What you return should match the listing exactly, minus its images.

§ **Data**:
****************************************
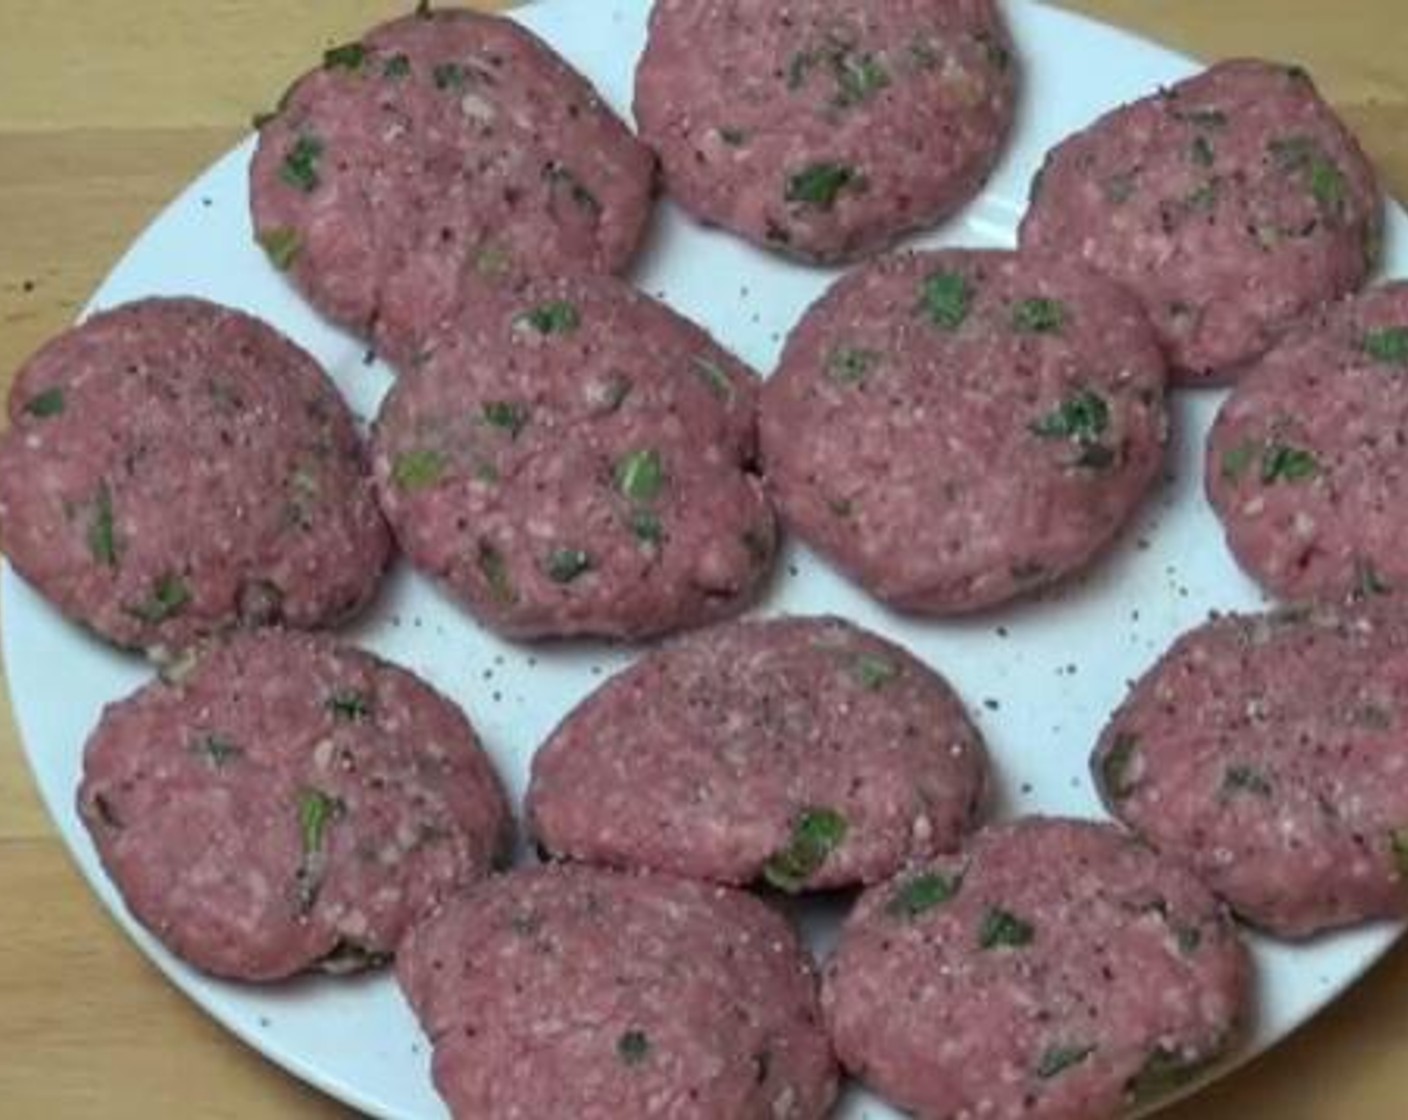 step 2 Divide the mixture into four even portions. Make 3 patties from each portion, and place them on a separate dish. Season with Salt (to taste) and Ground Black Pepper (to taste).
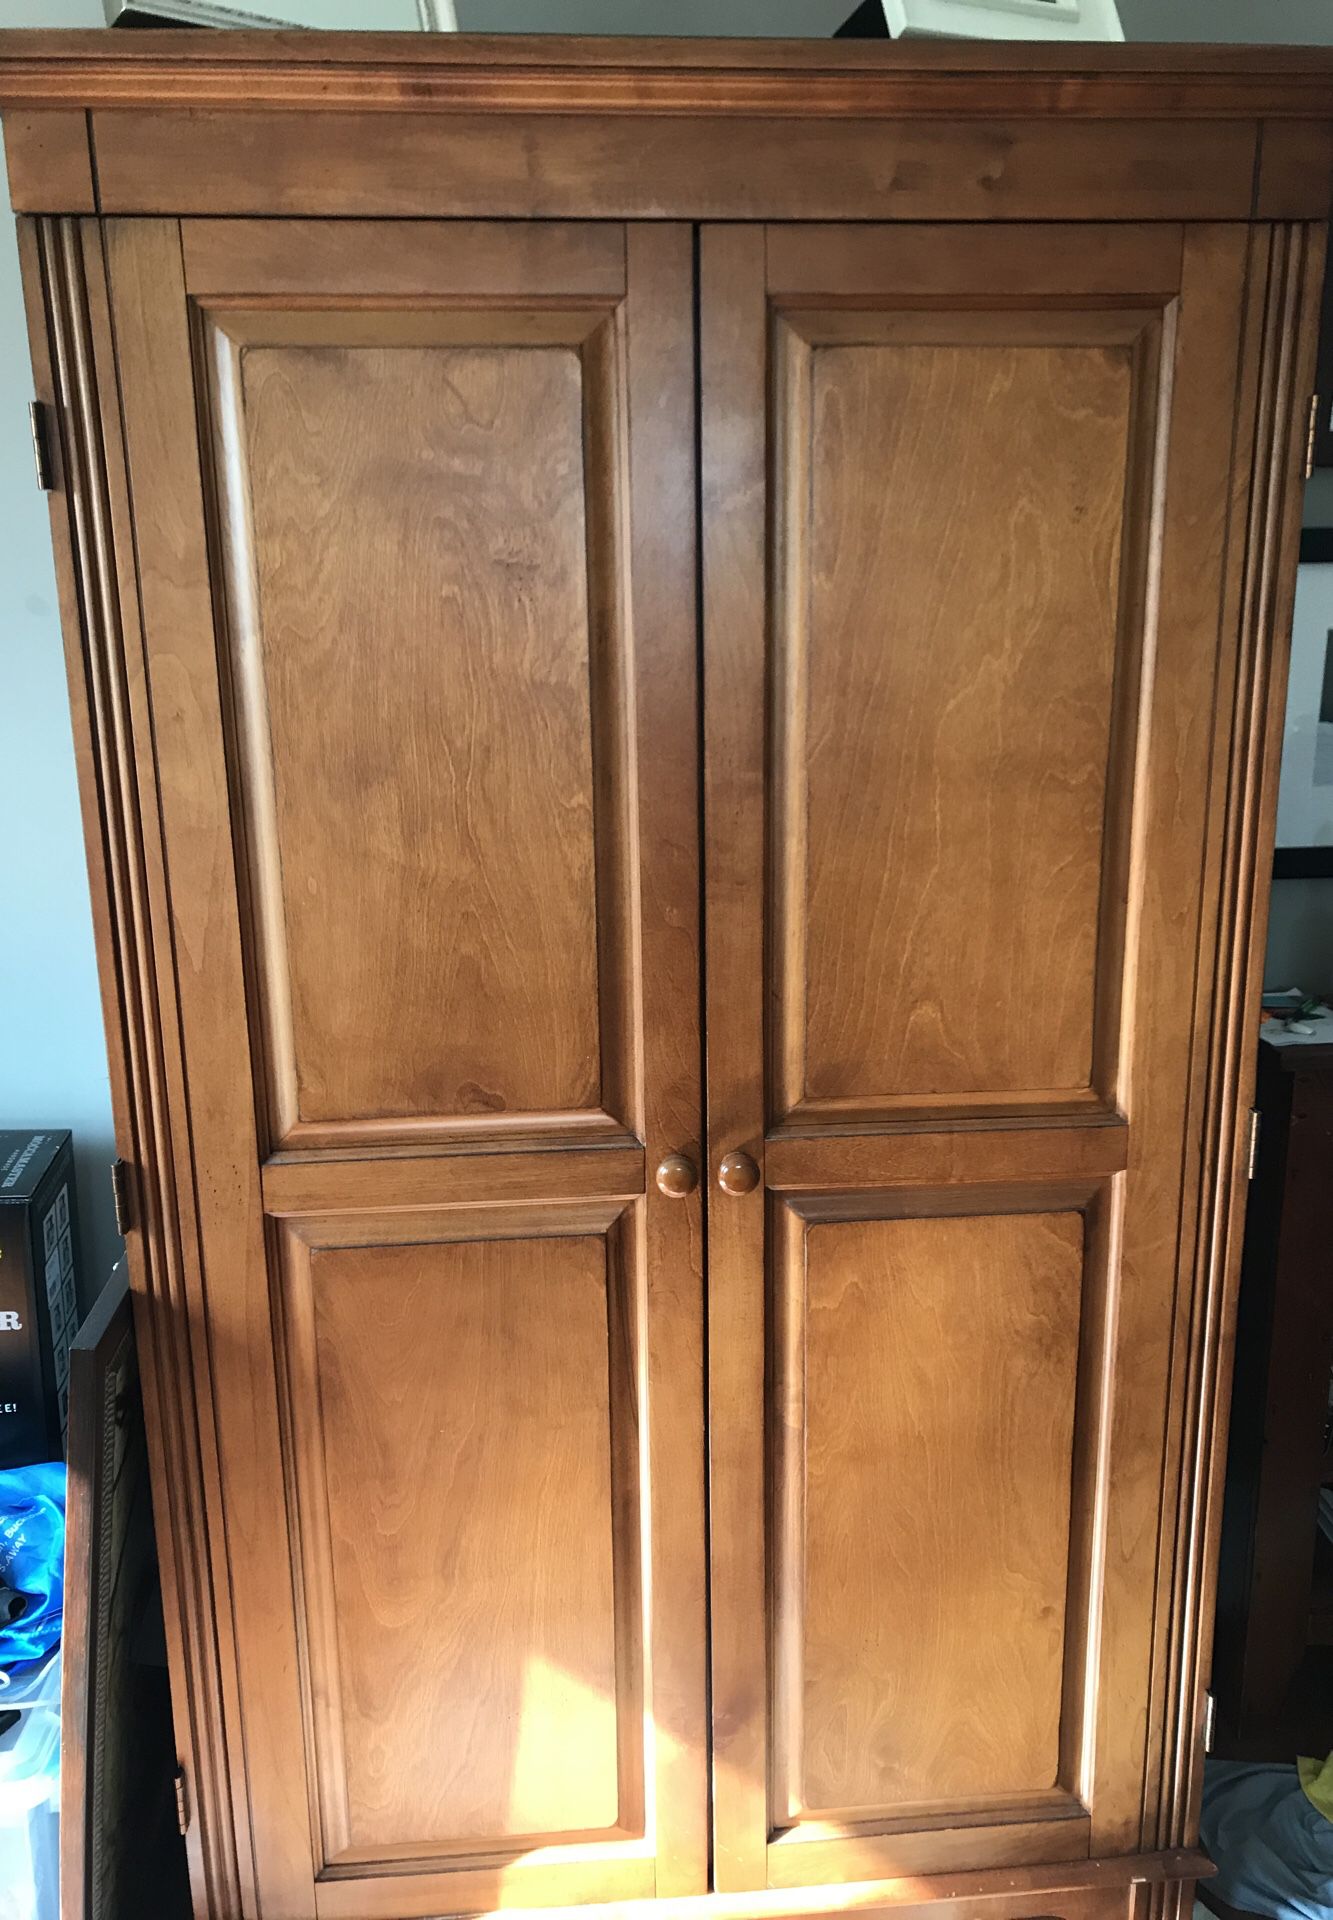 Classic TV or clothing Armoire!
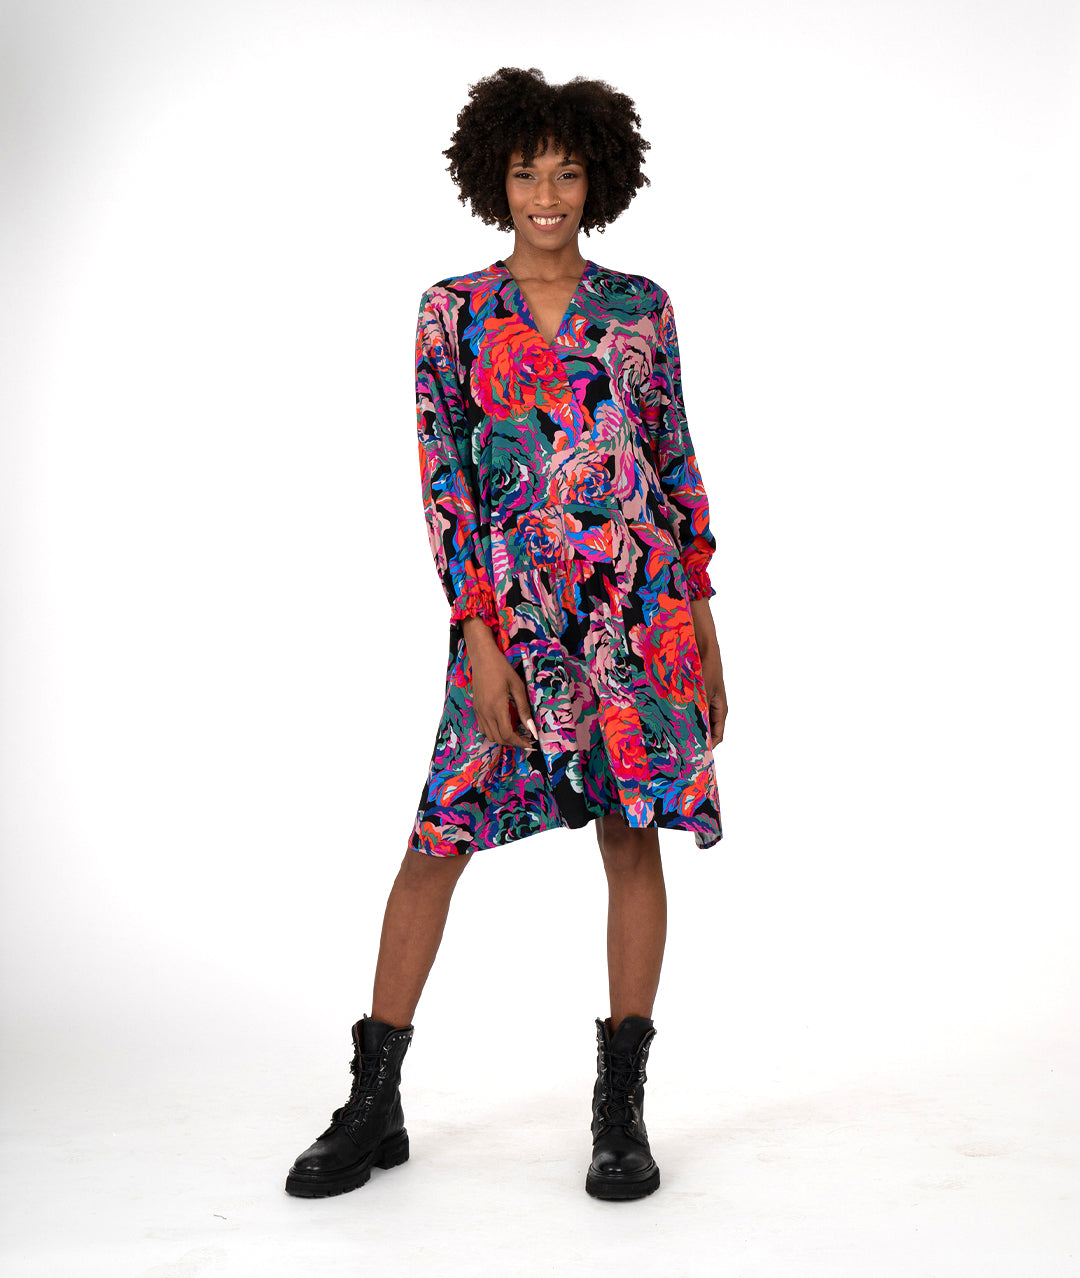 model in a floral print A-line shape dress has a plunging v-neck, gathers at the waist, elastic in the cuffs
****************************************
§ **Answer to this problem**:
 step 2 Divide the mixture into four even portions. Make 3 patties from each portion, and place them on a separate dish. Season with Salt (to taste) and Ground Black Pepper (to taste).
 Classic TV or clothing Armoire!
 model in a floral print A-line shape dress has a plunging v-neck, gathers at the waist, elastic in the cuffs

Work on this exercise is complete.